MedAlpaca tended to repeat words when responding to non-English queries. For instance, when asked in Hindi about the outlook for chronic kidney disease, it started generating a general answer about the problems of the disease but went on to continuously repeat the phrase “at the last stage.” The researchers also noticed that the model occasionally produced answers in English to questions in Chinese or Hindi—or did not generate an answer at all. These strange results might have occurred because “the MedAlpaca model is significantly smaller than ChatGPT, and its training data is also limited,” says the study’s co-lead author Yiqiao Jin, a graduate student at the Georgia Institute of Technology.

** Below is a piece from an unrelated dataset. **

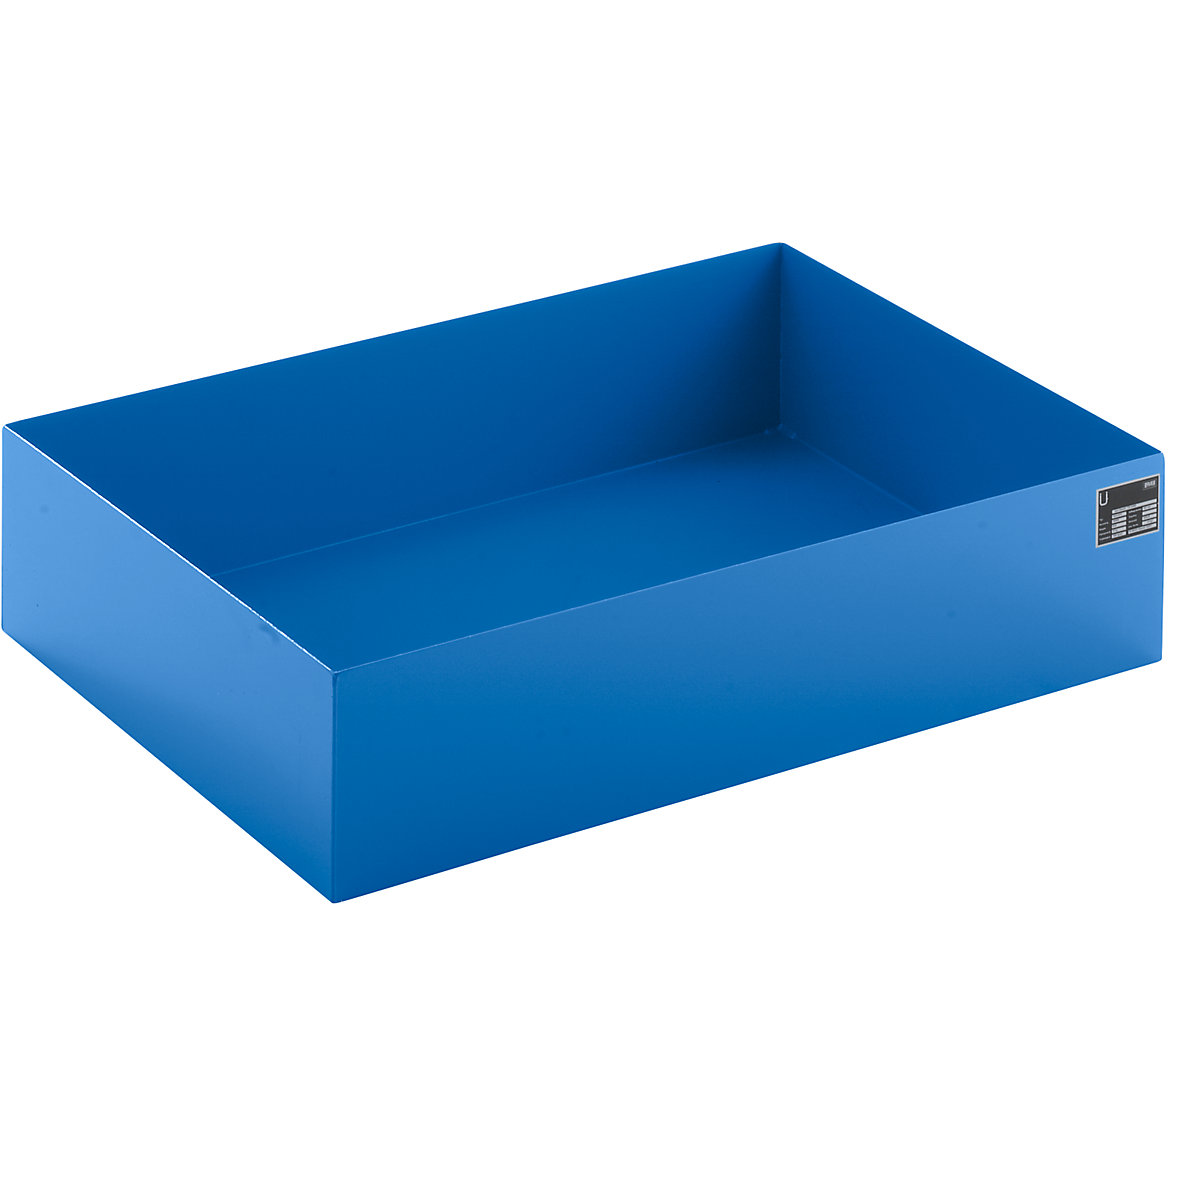 EUROKRAFTbasic – Pallet sump tray, LxWxH 1200 x 800 x 260 mm, blue RAL 5012

The team found that the answers in English and Spanish, compared with those in Chinese and Hindi, had better consistency across a parameter that artificial intelligence developers call “temperature.” That’s a value that determines the creativity of generated text: the higher an AI’s temperature, the less predictable it becomes when generating a response. At lower temperatures, the models might respond to each health care question with, “Check with your health care professional for more information.” (While this is a safe reply, it’s perhaps not always a helpful one.) The comparable performance across model temperatures might be because of the similarity between English and Spanish words and syntax, Jin says. “Maybe in the internal functioning of those models, English and Spanish are placed somewhat closer,” he adds.
The overall worse performance in non-English languages may result from the way these models were trained, the study authors say. LLMs learn how to string words together from data scraped online, where most text is in English. And Chandra points out that even in nations where English isn’t the majority language, it’s the language of most medical education. The researchers think a straightforward way to tackle this might be to translate health care texts from English into other languages. But building multilingual text datasets at the huge quantities required to train LLMs is a major challenge. One option could be to leverage LLMs’ own capability to translate between languages by designing specific models that are trained on English-only data and generate answers in a different language.
But this trick might not work neatly in the medical domain. “One of the problems human translators, as well as machine translation models, face is that the key scientific words are very hard to translate. You might know the English version of the particular scientific term, but the Hindi or Chinese version might be really different,” says Chandra, who also notes that errors in the translation quality of texts in Chinese and Hindi could contribute to the LLM mistakes found in the study.
Additionally, Chandra says, it may be wise to include more medical experts and doctors, especially from the Global South, when training and evaluating these LLMs in non-English use. “Most of the evaluations for health care LLMs, even today, are done with a homogeneous set of experts, which leads to the language disparity we see in this study,” he adds. “We need a more responsible approach.”
*Editor’s Note (4/1/24): This sentence was edited after posting to reflect the current status of the study.